For every line in the material, output its text exactly and exclude any image it holds.

**DATA SHOWN:**
——————————

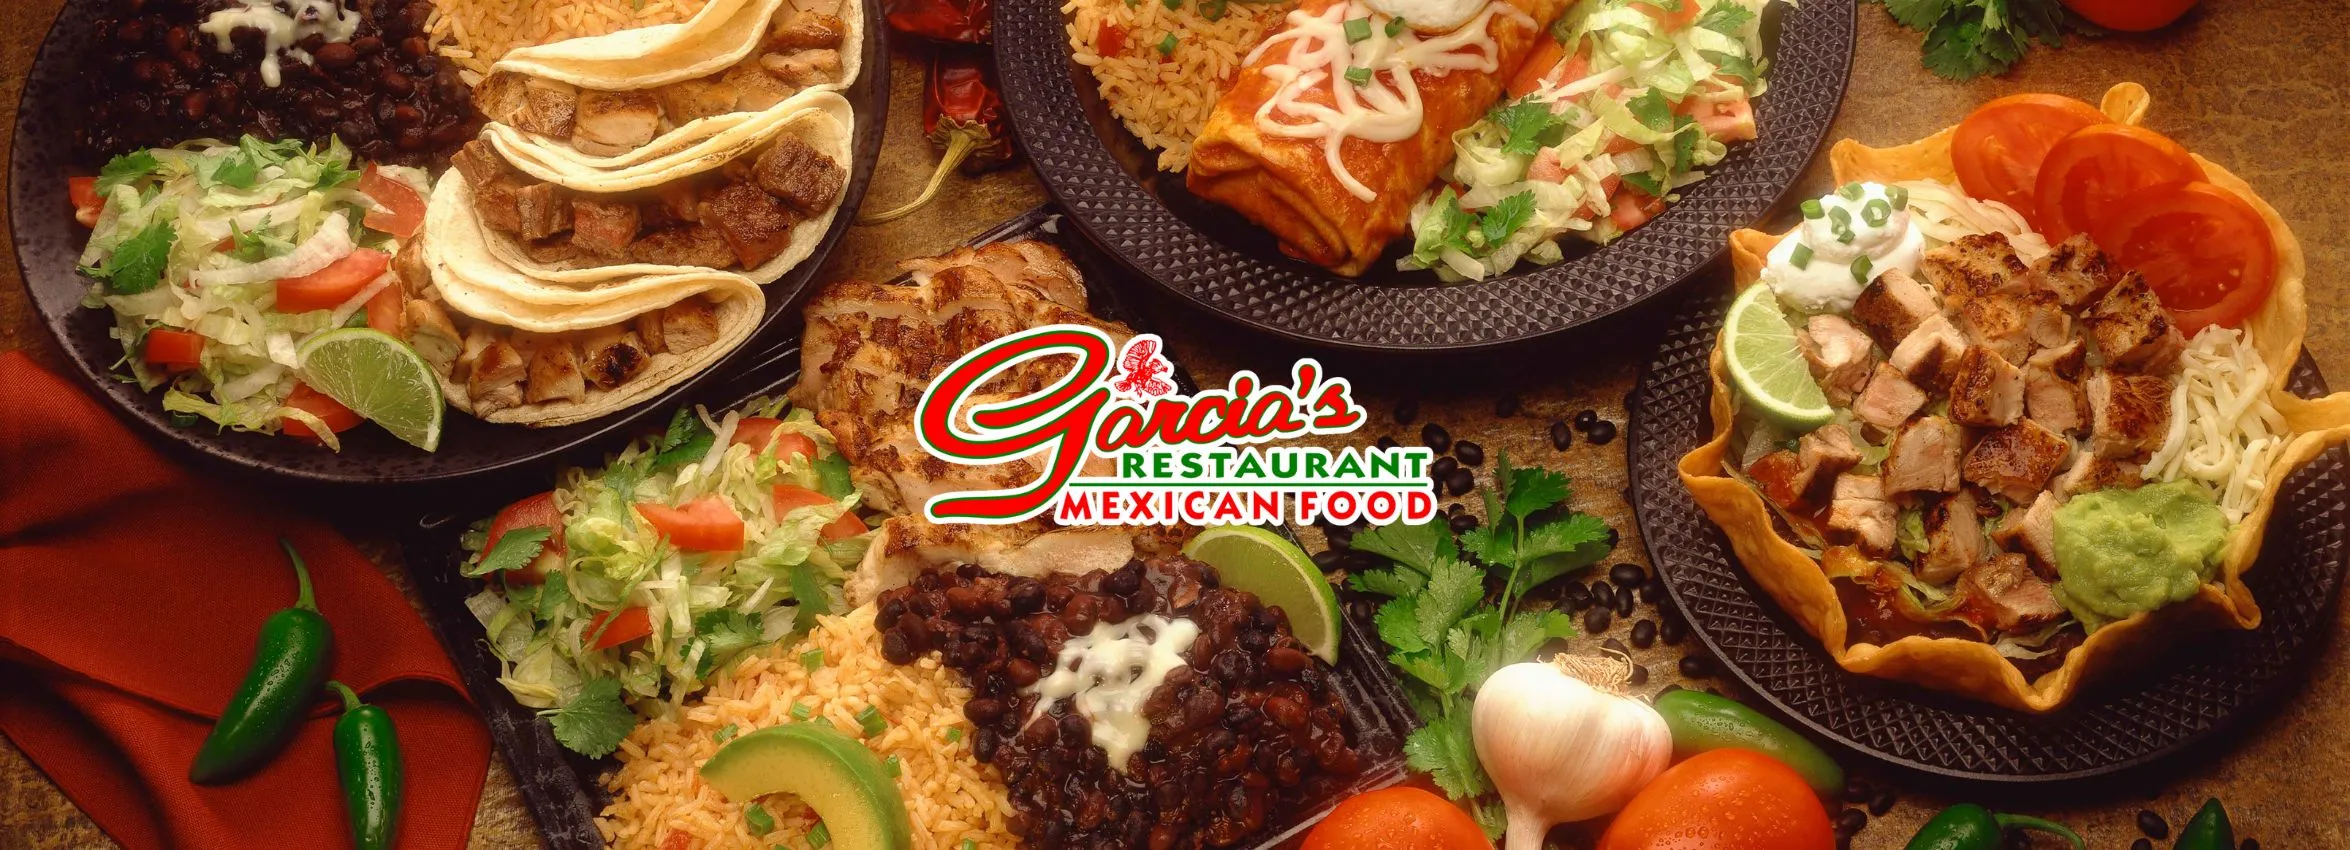 Garcia_s-Mexican-Food-Restaurant-_Desktop_ET
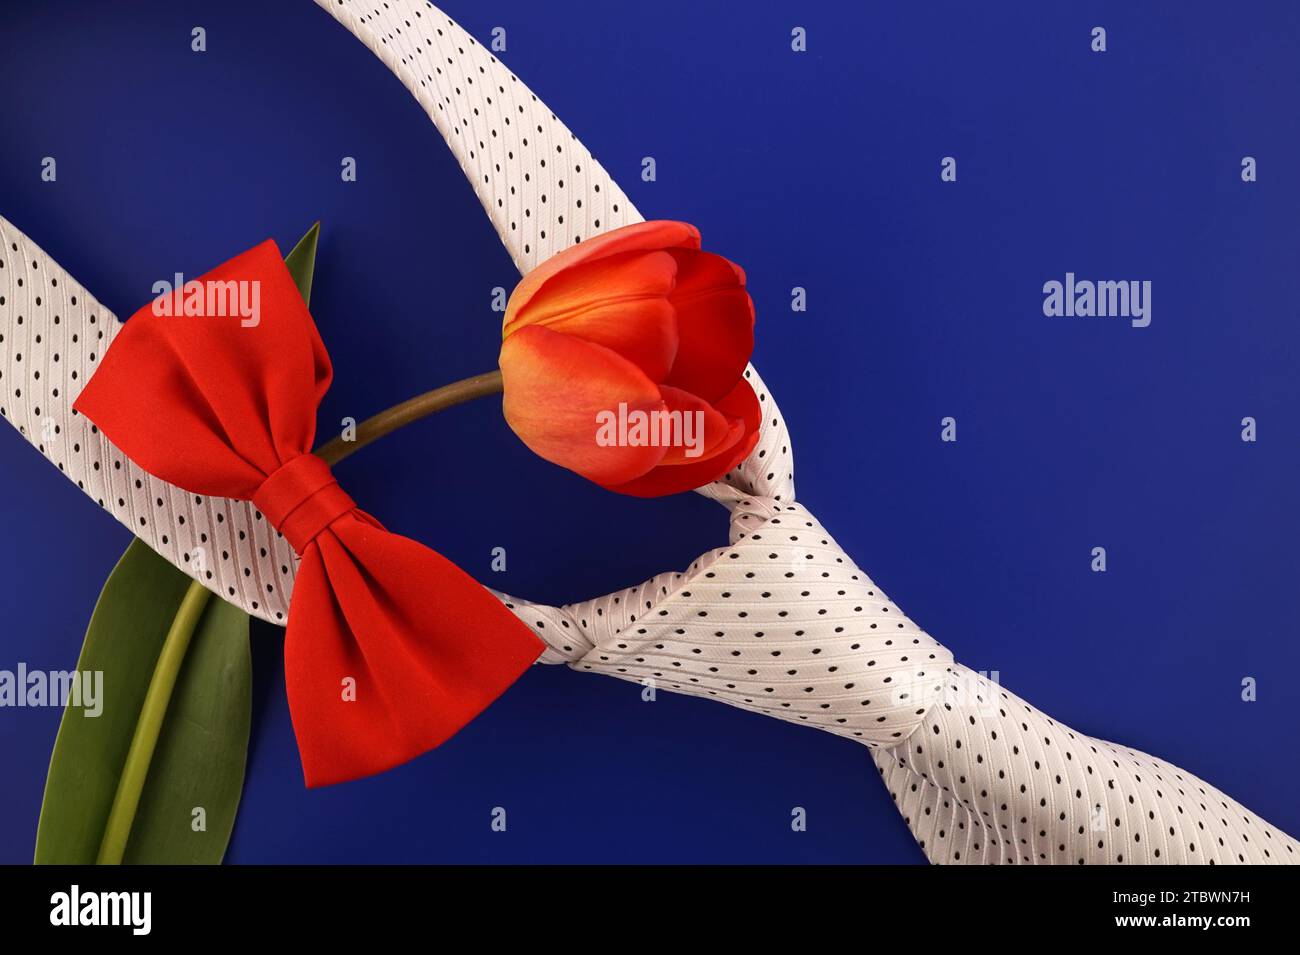 Cravatta da collo e colorata cravatta rossa con tulipano rosso su sfondo blu con spazio per la copia del tuo saluto in una vita still lay piatta Foto Stock
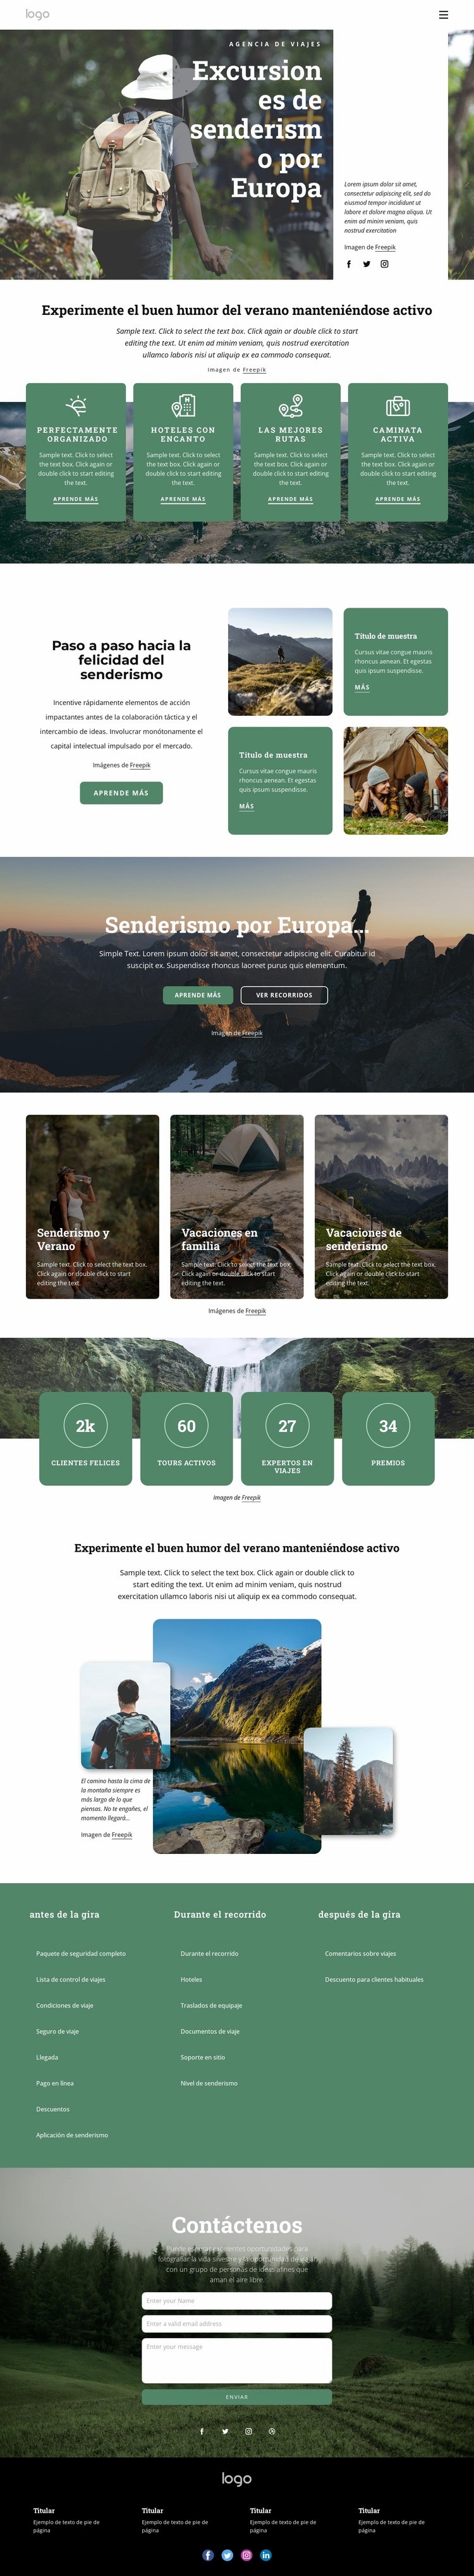 Excursiones de senderismo y trekking en Europa Diseño de páginas web
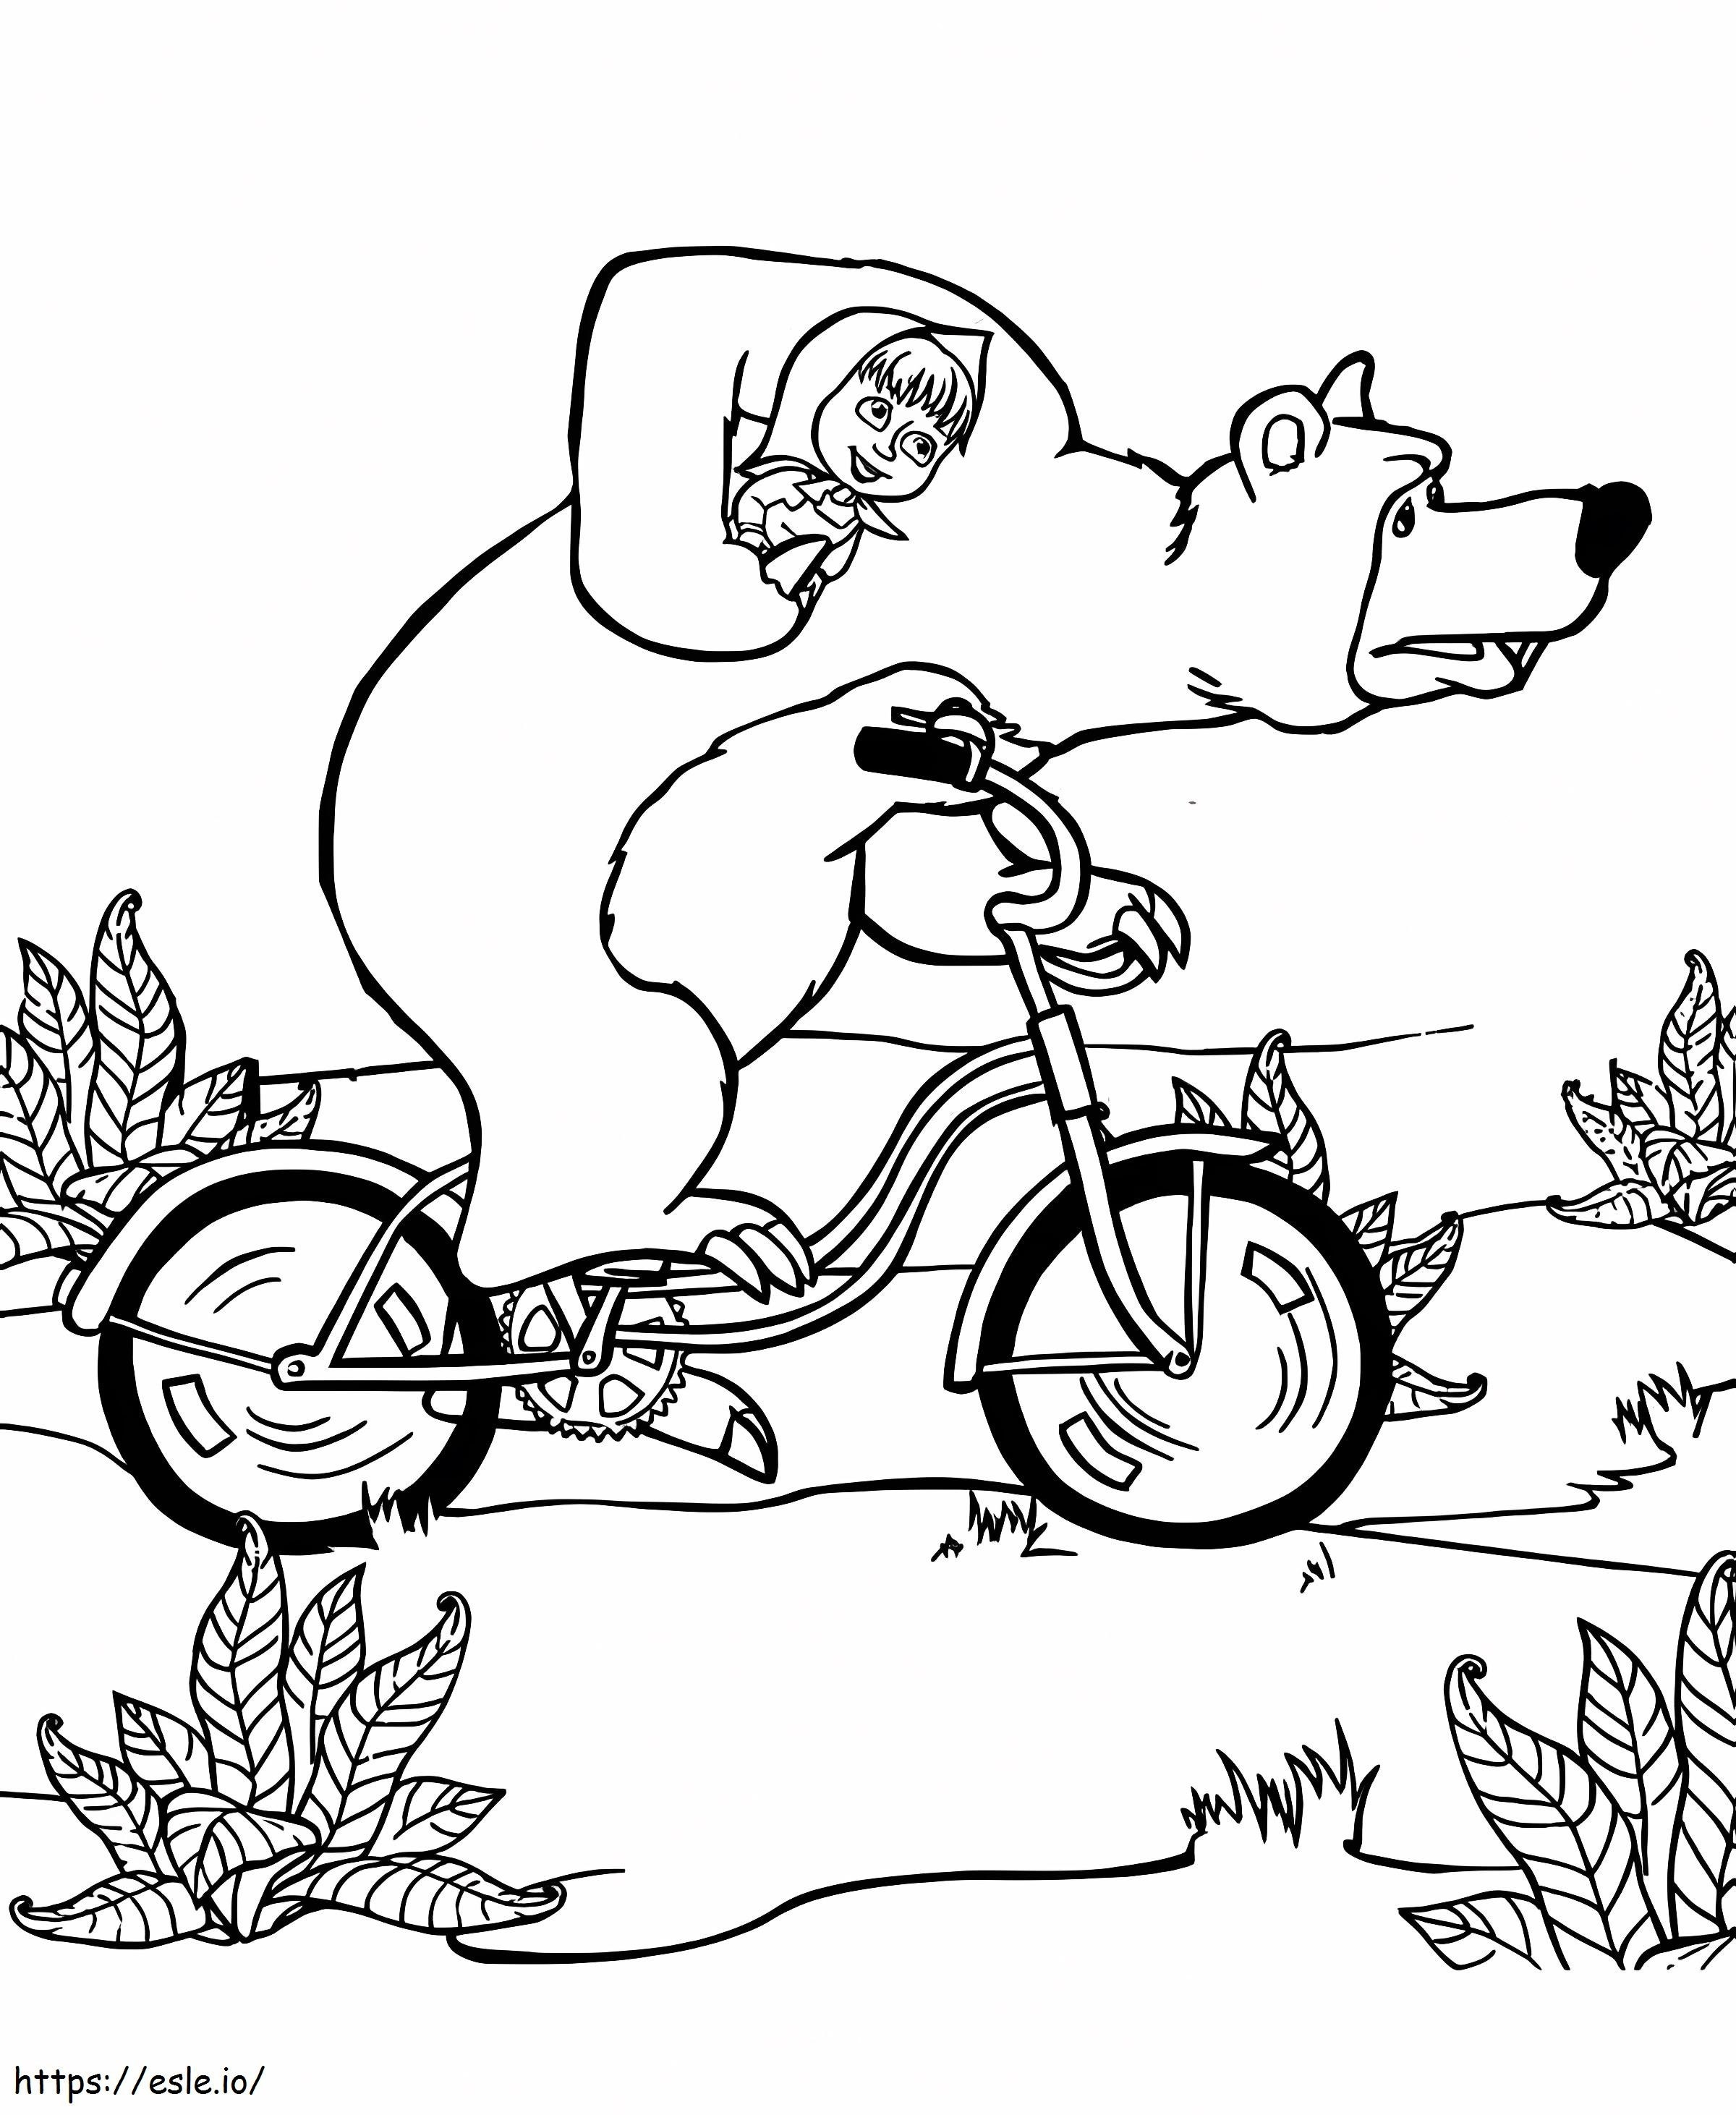 Disegni da colorare di Masha in bicicletta con orso da colorare

——————————

**RESPONSE AREA:**
 Garcia_s-Mexican-Food-Restaurant-_Desktop_ET
 Cravatta da collo e colorata cravatta rossa con tulipano rosso su sfondo blu con spazio per la copia del tuo saluto in una vita still lay piatta Foto Stock
 Excursiones de senderismo y trekking en Europa Diseño de páginas web
 Disegni da colorare di Masha in bicicletta con orso da colorare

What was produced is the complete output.